Regression on benches

by selimaktas - opened 12 days ago

Discussion

selimaktas

12 days ago

Hello!
I benched this model on SWE-Bench Verified (no tools, single shot) and BFCL v4 (multiturn subset), it shows regression on both. May have been the cause of unstable/high LR training.
Hope to see better versions in the future!

sakamakismile

11 days ago

Hi @selimaktas — appreciate the bench report. One adjacent data point that might help triangulate:

We rebuilt this checkpoint into an NVFP4 + MTP variant (sakamakismile/Carnice-V2-27b-NVFP4-TEXT-MTP) on the prefix-fixed BF16 source, and a 5-task agent capability suite (single tool call, multi-turn continuation, final synthesis, 3-way parallel tool calls, reasoning chain) all pass on RTX PRO 6000 + vLLM 0.19.1rc1:

Tool-call JSON arguments parse cleanly
<think> reasoning is correctly separated from final answer
Per-position MTP acceptance 0.934 (mean accept length 1.93/2.0 at n=1, ~3.0/4.0 at n=3)
Long-form decode lands ~103 tok/s at n=3

That doesn't refute SWE-Bench Verified / BFCL v4 regressions — they exercise much more agentic surface than five-prompt smoke tests — but it suggests the BF16 weights themselves are at least functionally healthy, and the bug Discussion #1 reported (triple language_model. prefix) is fully resolved in the current upload (we re-checked with safe_open after kai-os's fix).

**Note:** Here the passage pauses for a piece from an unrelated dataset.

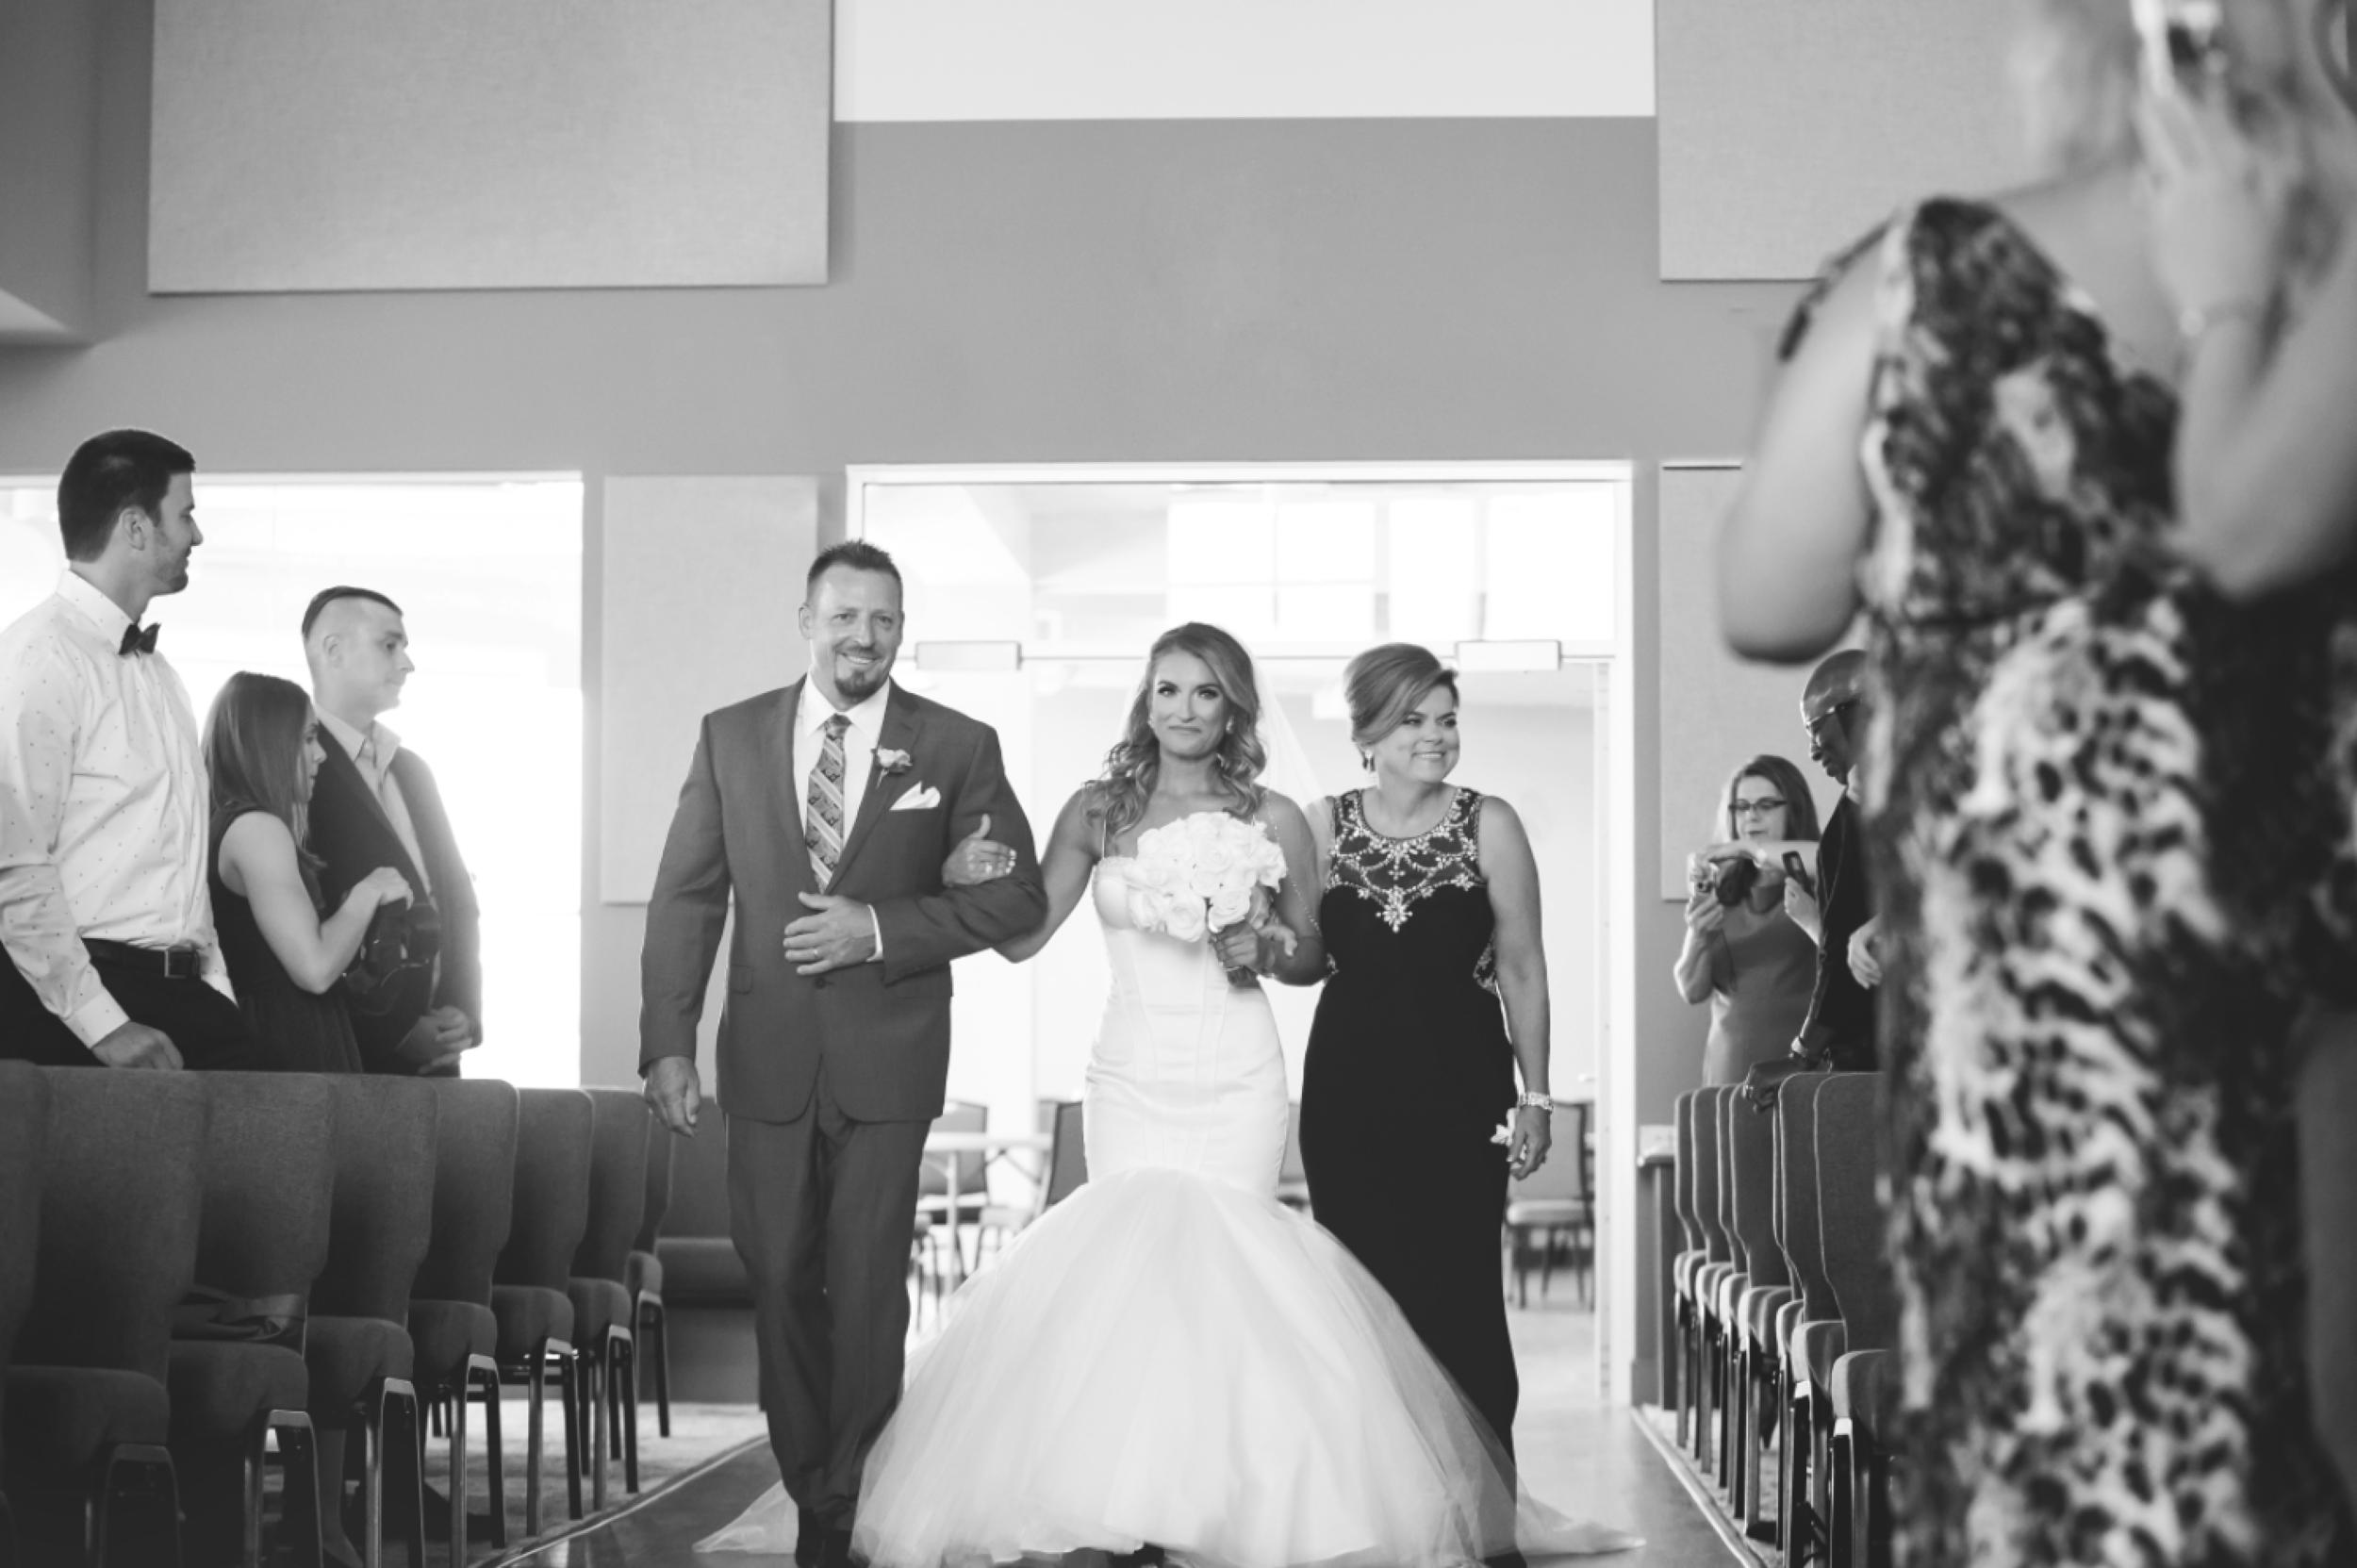 Wedding-Burlington-Convention-Center-Burlington-Oakville-Toronto-Hamilton-Niagara-Wedding-Photographer-Photography-Moments-by-Lauren-Photo-Image-16.png

Two things that bit us during evaluation that are worth ruling out on your side, since they look like accuracy regressions if you don't know to set them:

--reasoning-parser qwen3 — without this, <think>...</think> chains land in the chat content the harness reads as the "final answer", which destroys agentic eval scores even on a perfectly-tuned model.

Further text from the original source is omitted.